Kanai looks to where Nirmal's house once stood. It had been a two-room bungalow, and Kanai had slept in the study when he visited in 1970. He'd spent his nights imagining the roof above his canopy of mosquito netting had come alive, which wasn't far from the truth—Nilima once found a snake in the ceiling while tying up a canopy, and creatures fell to the floor all night long. The Women's Union meetings were held in the courtyard of the bungalow several times per week, and it was there that Kanai first met Kusum. One night, while eavesdropping on the meeting from the study, he listened to a woman tell about being assaulted by her drunk father-in-law. Looking into the courtyard, he met Kusum's eyes.
Even within an enclosed, manmade structure, the natural world still manages to get in—this reinforces that in tide country, nature reigns supreme, and there's no escaping it. The mosquito netting, however, does appear to keep out most of the wildlife, which suggests that there are some effective ways of protecting oneself from the natural world. The woman's story at the union meeting suggests again that life on Lusibari is extremely difficult, and the women especially struggle to survive.

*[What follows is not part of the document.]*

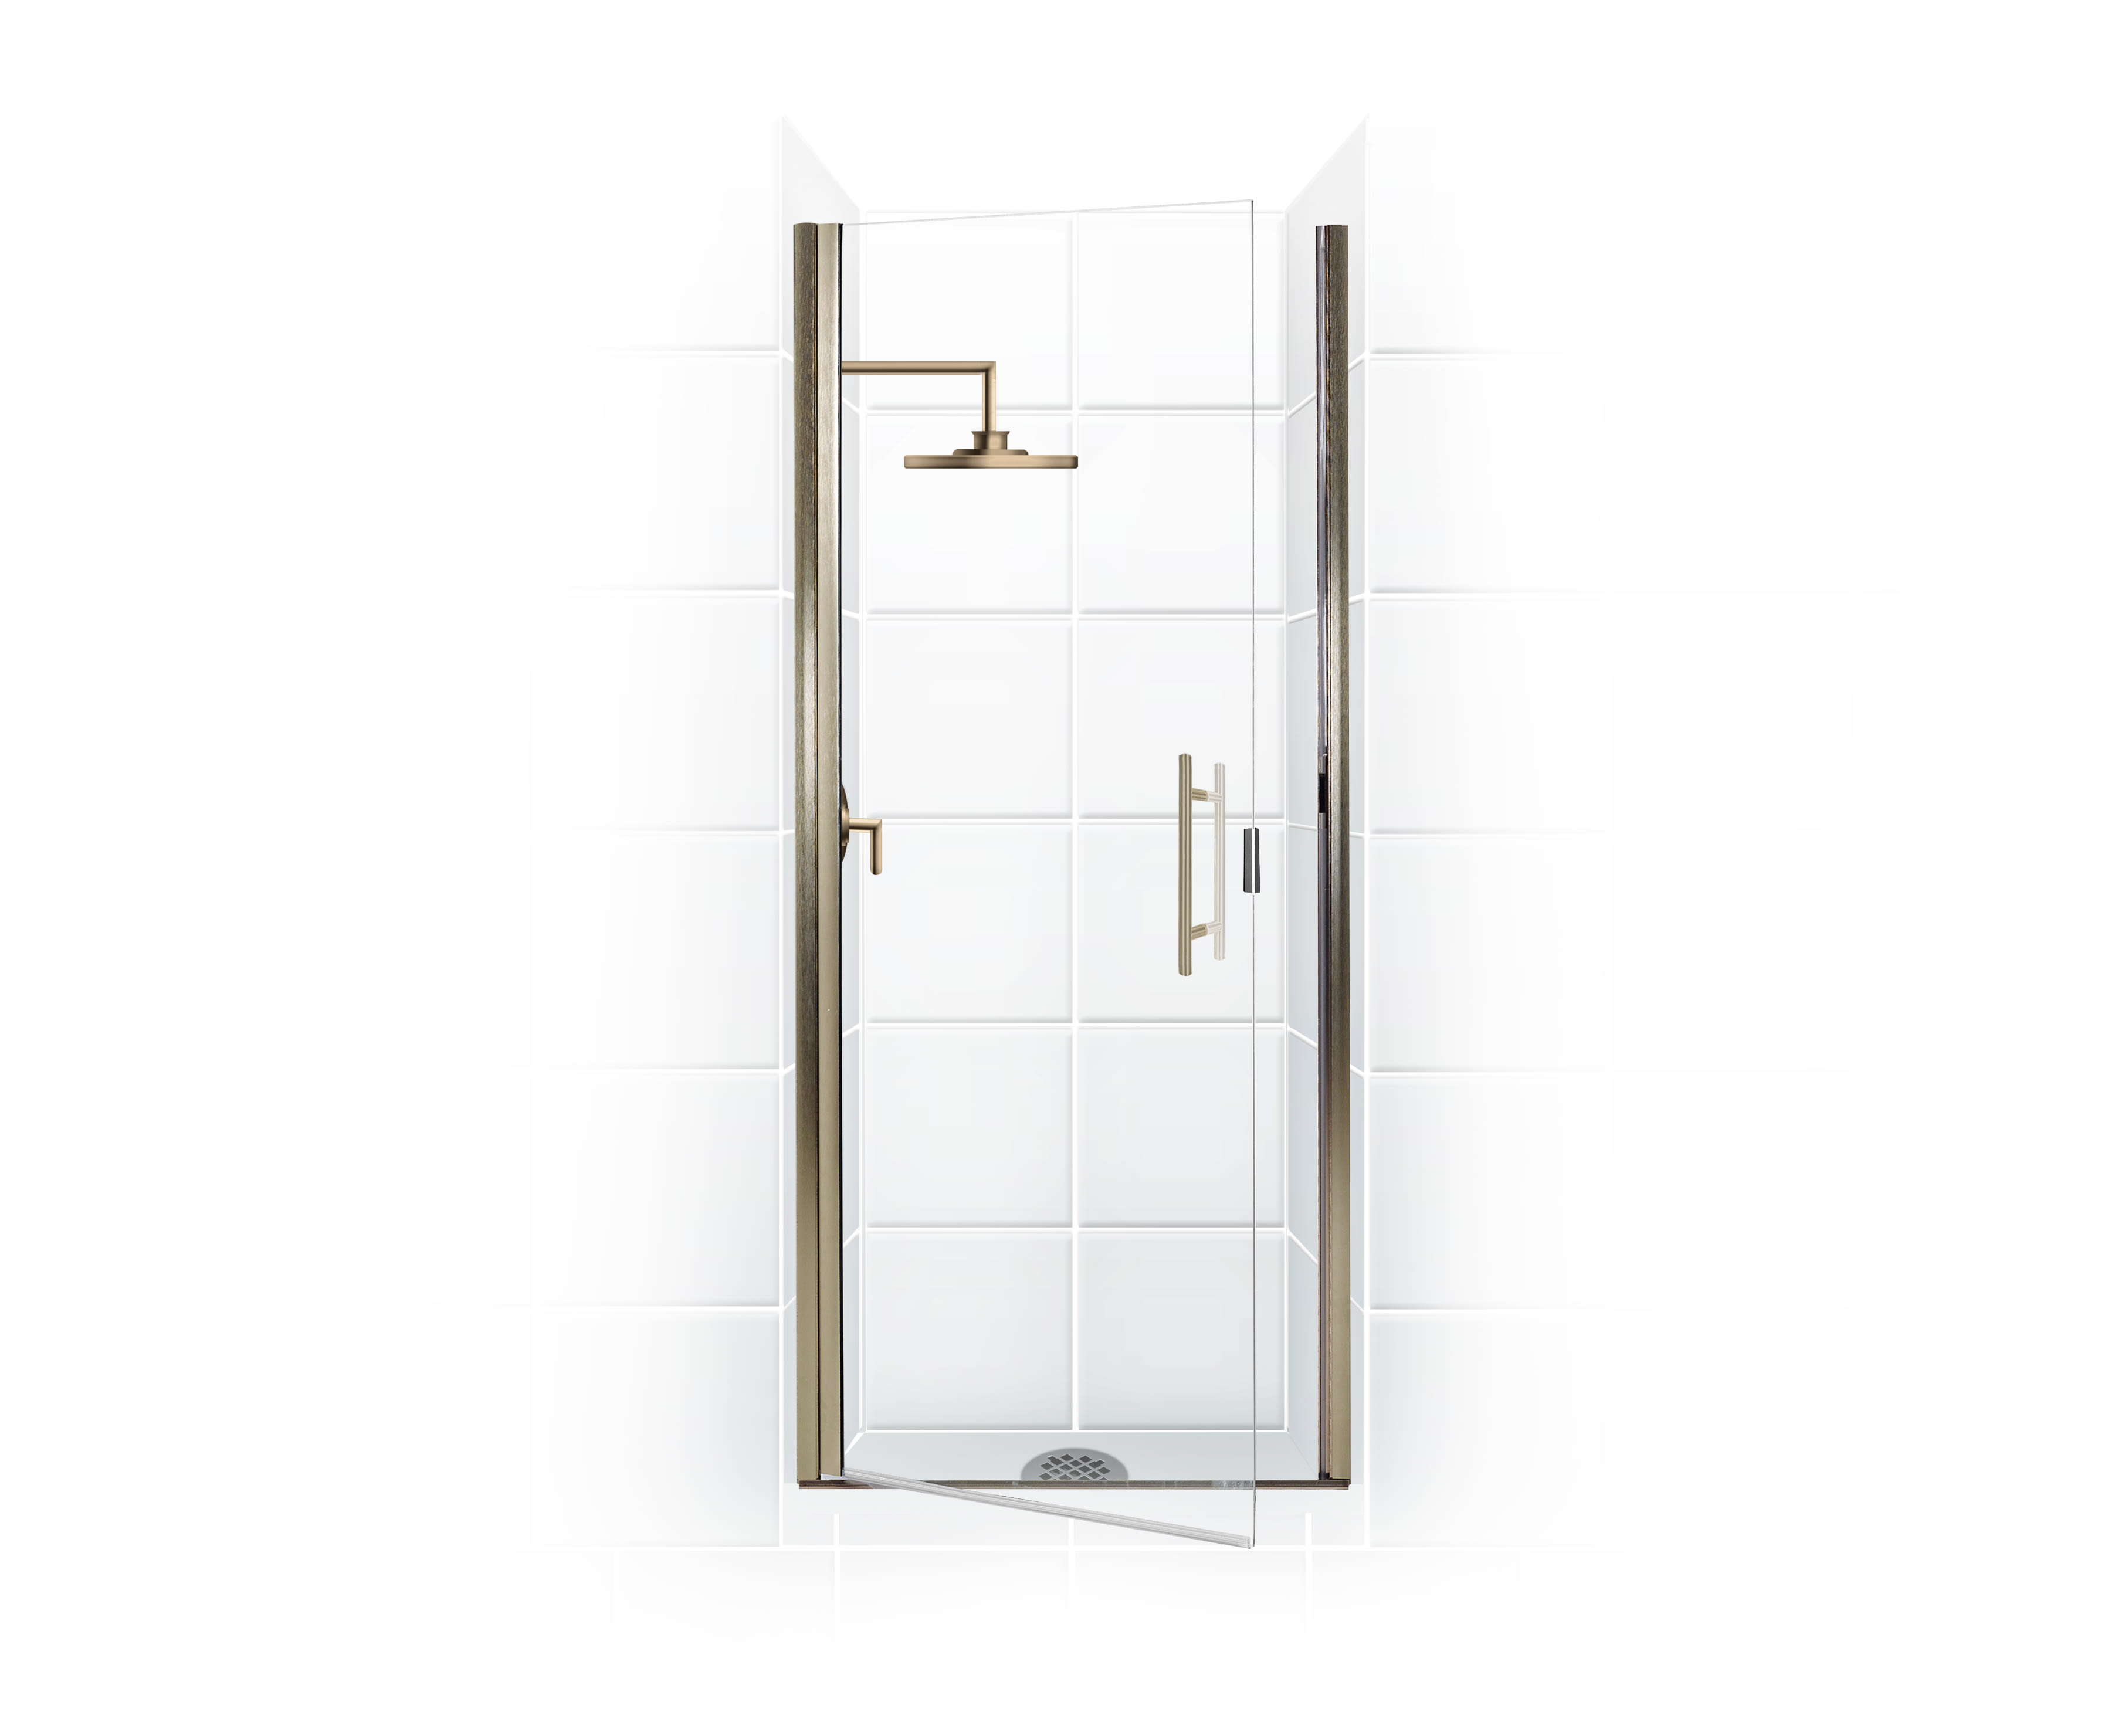 Coastal Shower Doors Plqfr33 70 C

The next morning, Kusum approached Kanai, angry, and accused him of listening in on the meeting. Kanai was a little afraid, but refused to show Kusum the book he'd been reading on the grounds that she wouldn't understand it. She'd put a grasshopper in her mouth and then made it jump out right at Kanai's face.
While Kanai is able to feel powerful here by denying Kusum language, Kusum is able to trump his power play by scaring him with the natural world. This reinforces the power of the natural world in tide country.